A triangle is a part of an orchestra. (Kyle proceeded to show just how good he is without having ever had a lesson or play the triangle before, for that matter.) Now imagine a wonderful orchestra is playing a set of five songs for a concert. The triangle player waits patiently in the back with the other percussionists for his part to come. Finally, for the first twenty-two measures of the third song, the triangle plays proudly, setting the rhythm for the rest of the orchestra. The listener enjoys the joyful tone and the music made by the triangle, but not until it has finished its part does the listener miss the triangle. He has played his part, and now it is another instrument’s turn to do its part. The triangle does not know or understand why it only played for the time that it did, other than that was the way the composer wrote his part. All the triangle can see is the music set for him; he cannot see the whole score. However, all the instruments trust that they are a part of something bigger and more beautiful than any one of them could produce on their own. We must not try to see the whole score, for we know not how to read it, and we would not understand it. We must play our part, and to the best of our God-given ability, trusting that we are a part of a bigger and better orchestra.

This illustration touched me because, as my previous post portrays, music is a big part of my life. I worship most fully when I am engaged in music. I can glorify my God by playing my part perfectly, and I learn to do that through my instructor, Jesus Christ, who has shown me how to play my instrument. In the words of one of my good friends, he’s a “Rock ‘n Roll Jesus”. This is my solo, where my composer can, and will, shine.

Wednesday, November 02, 2005

Anywhere and Everywhere

Today the masses again filed into Waco Hall here on the Baylor campus to attend the required chapel service.
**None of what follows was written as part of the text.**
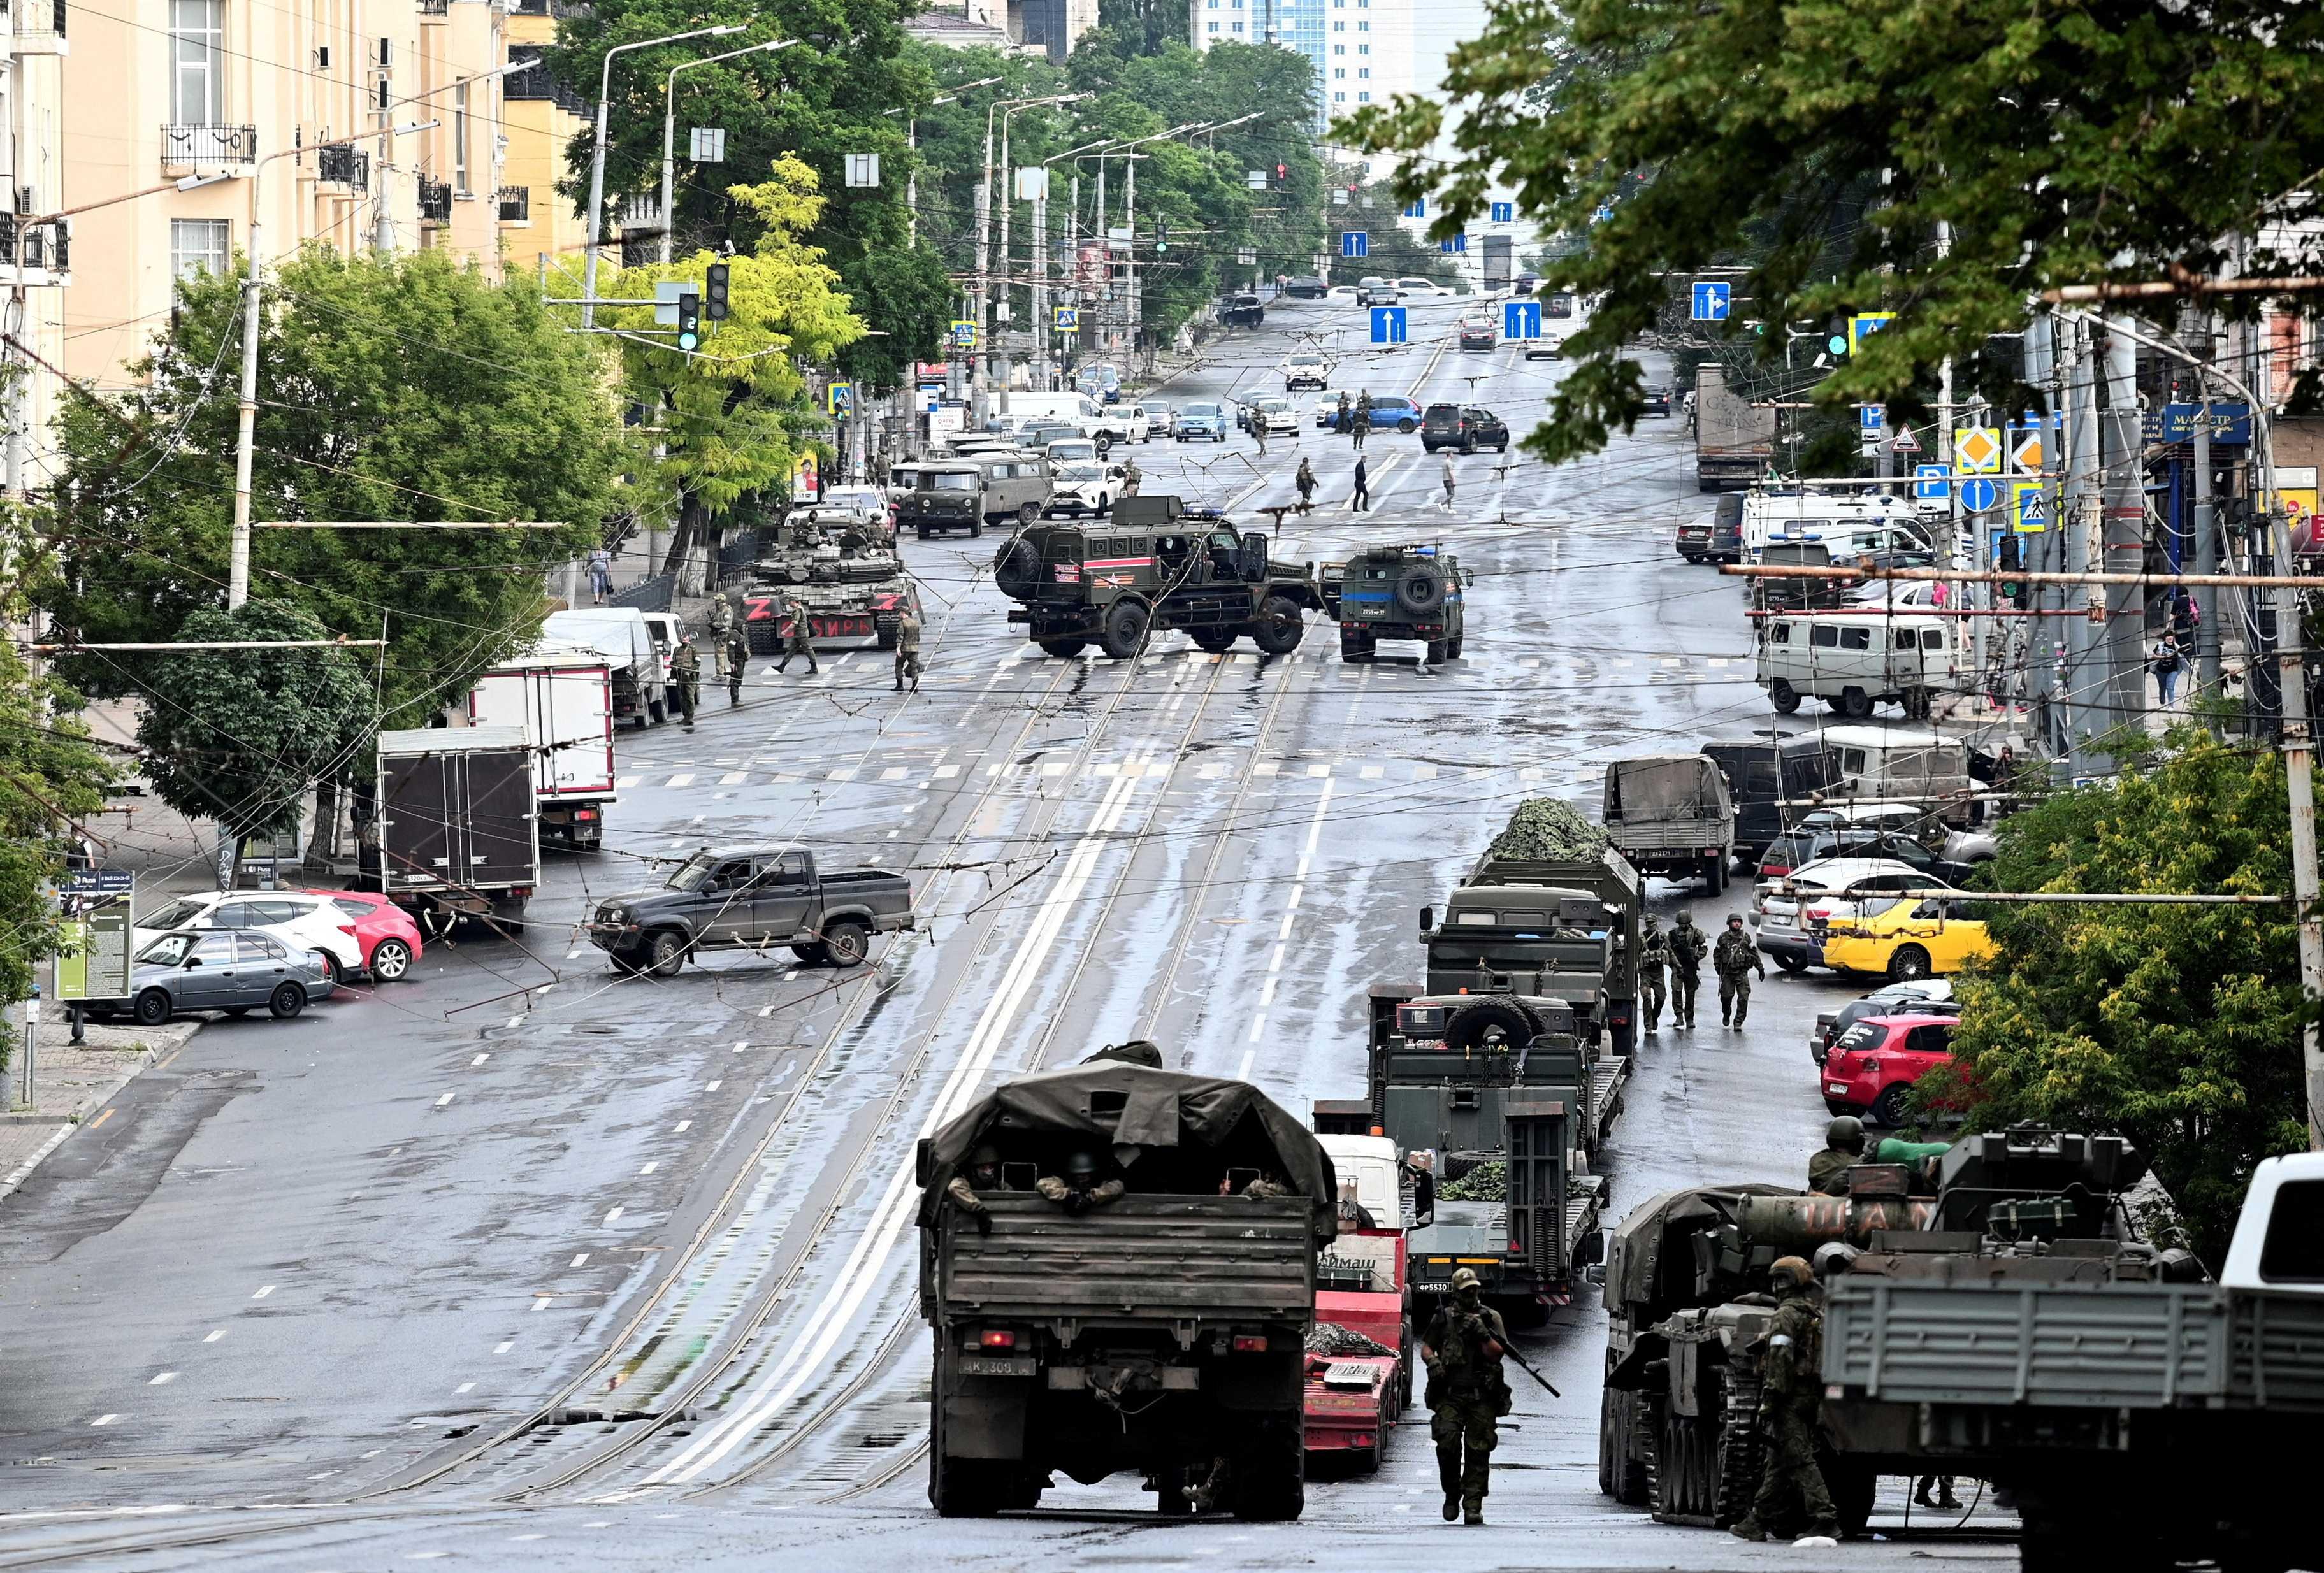 Fighters of Wagner private mercenary group are deployed in a street near the headquarters of the Southern Military District in the city of Rostov-on-Don, Russia, June 24. Photo: Reuters

Many complain and whine about having to attend, but I don't mind sitting through the short service. Every now and then there are interesting speakers or a good band that plays for us, and today was one of those days. The band was the Dutton Band, which leads worship at University Baptist when David Crowder is not there. That is the same church in which the late Kyle Lake spoke from the pulpit. Front man Logan Walter mentioned that Kyle did not see a line between Christian and secular, something that I am beginning to understand - that faith should not be departmentalized. In Psalms 33 it says, "2Give thanks to the LORD with the lyre; make melody to him with the harp of ten strings! 3Sing to him a new song; play skillfully on the strings, with loud shouts." Logan, in response, said that since they didn't have any harps on stage, they would use their guitars. At this point I got chill bumps. God does not appear to man like He did in the times of the Old Testament, but I sometimes see these reactions as the Holy Spirit descending on me. A sense of peace and joy and fulfillment accompanied the chill. I took it as Someone saying that music is the way I best worship my Father. Over six hours later, I still have an immense joy that began at that moment of recognition.
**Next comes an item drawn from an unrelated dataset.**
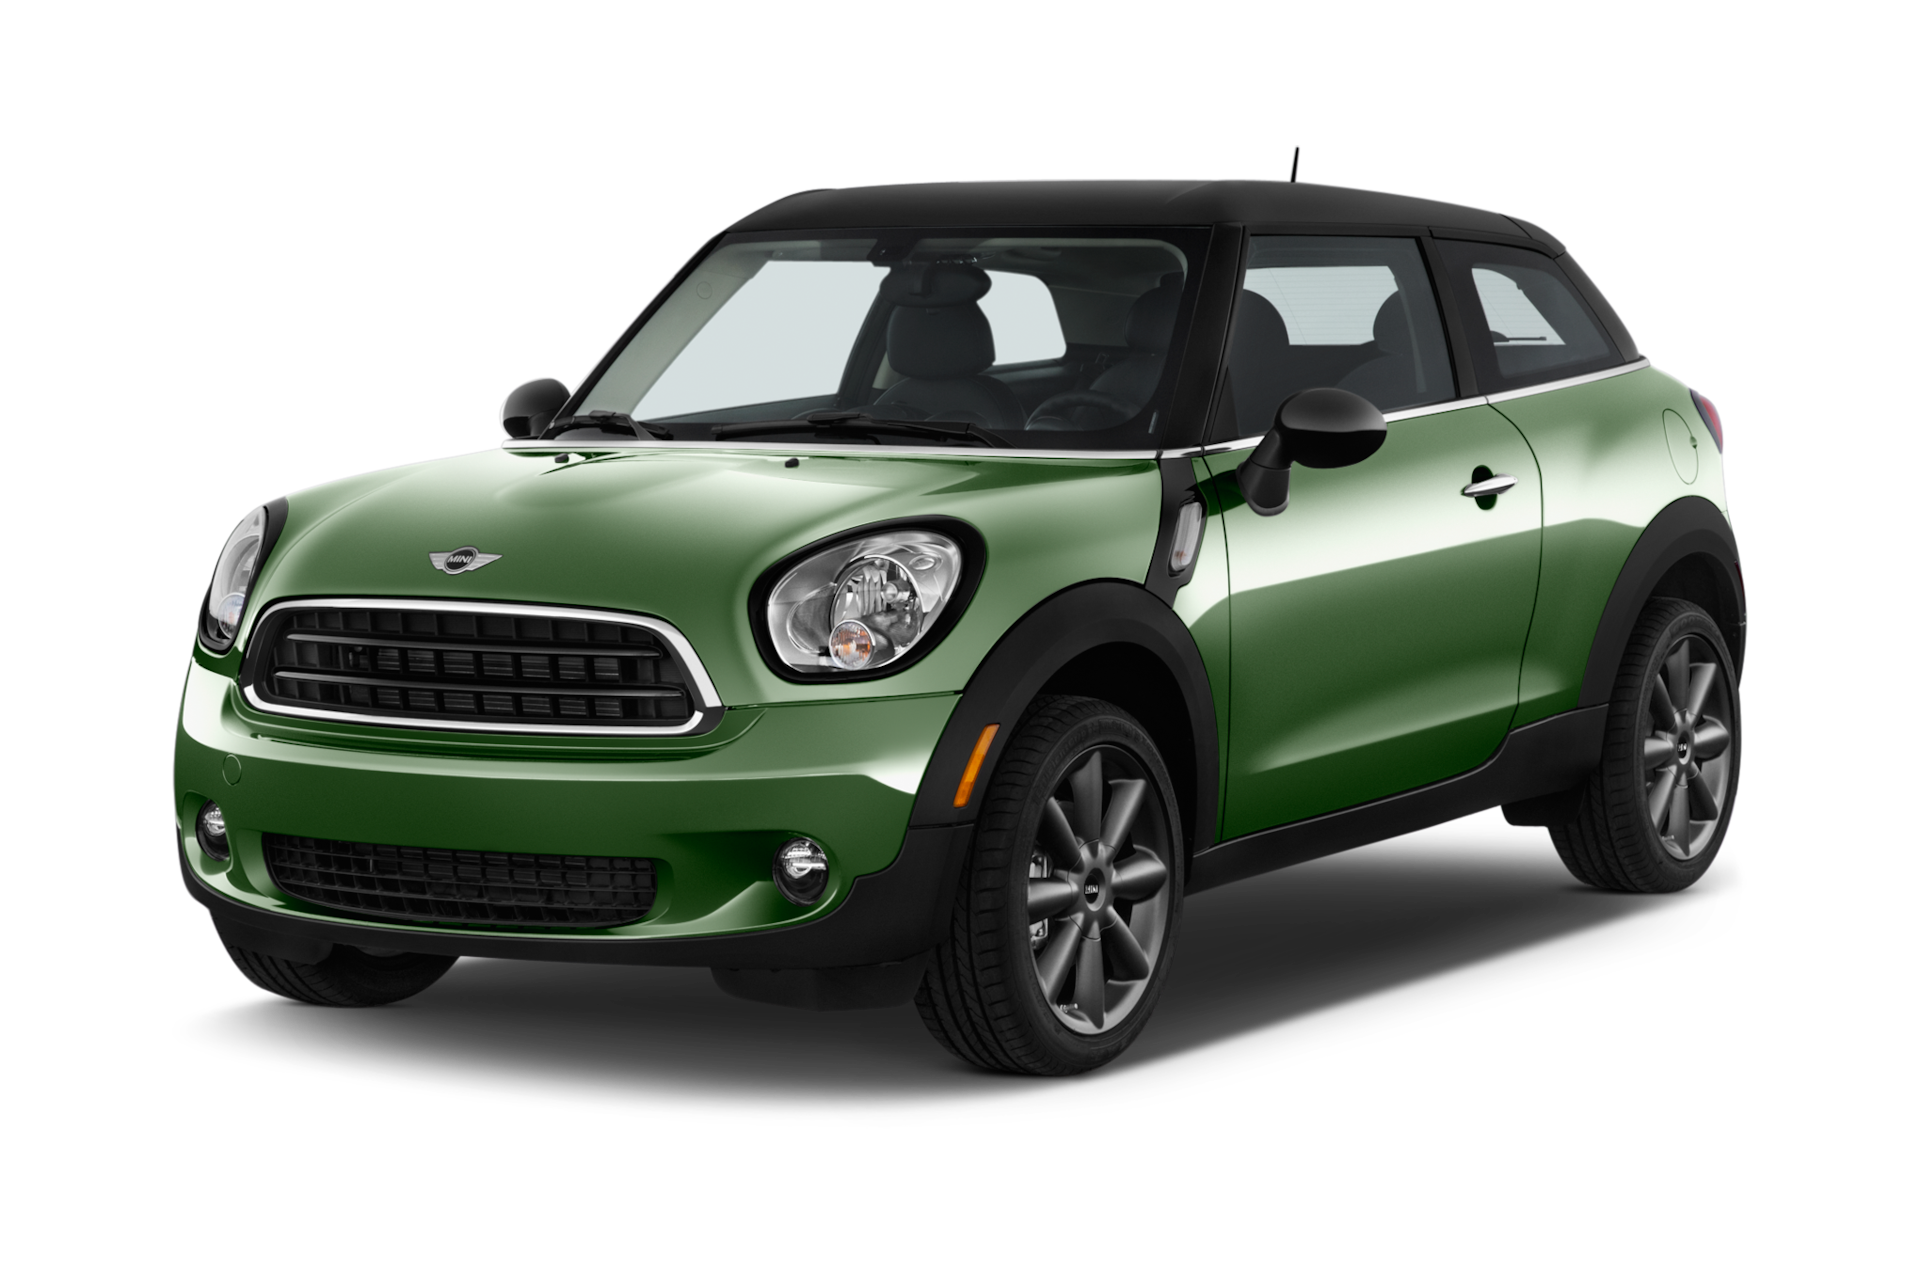 2015 MINI Cooper Paceman Prices, Reviews, and Photos - MotorTrend

Going back to the line between Christian and secular, I love seeing people use their talents to their fullest. It does not always happen because they don’t realize that they are God-given and should be used for His glory. However, I can worship God by realizing that these talents are, indeed, sent from above and meant for worship. In U2’s latest studio album, I can see evidence of the supernatural in the abstract and concrete. “Sometimes You Can’t Make It on Your Own” relates to the accountability we need to live for the Lord and to live in community. Loving thy neighbor as thyself and the giving up of everything is portrayed in “Miracle Drug”. Very clearly, “Yahweh” is a prayer to our Father. There is no symbolism here, but straightforward requests for the Lord. I feel that the Holy Spirit, whether realized by the band or not, had a very big part in the making of this album. When I listen, I hear more than just notes and melodies, but I hear rejoicing and worship. Beautiful worship.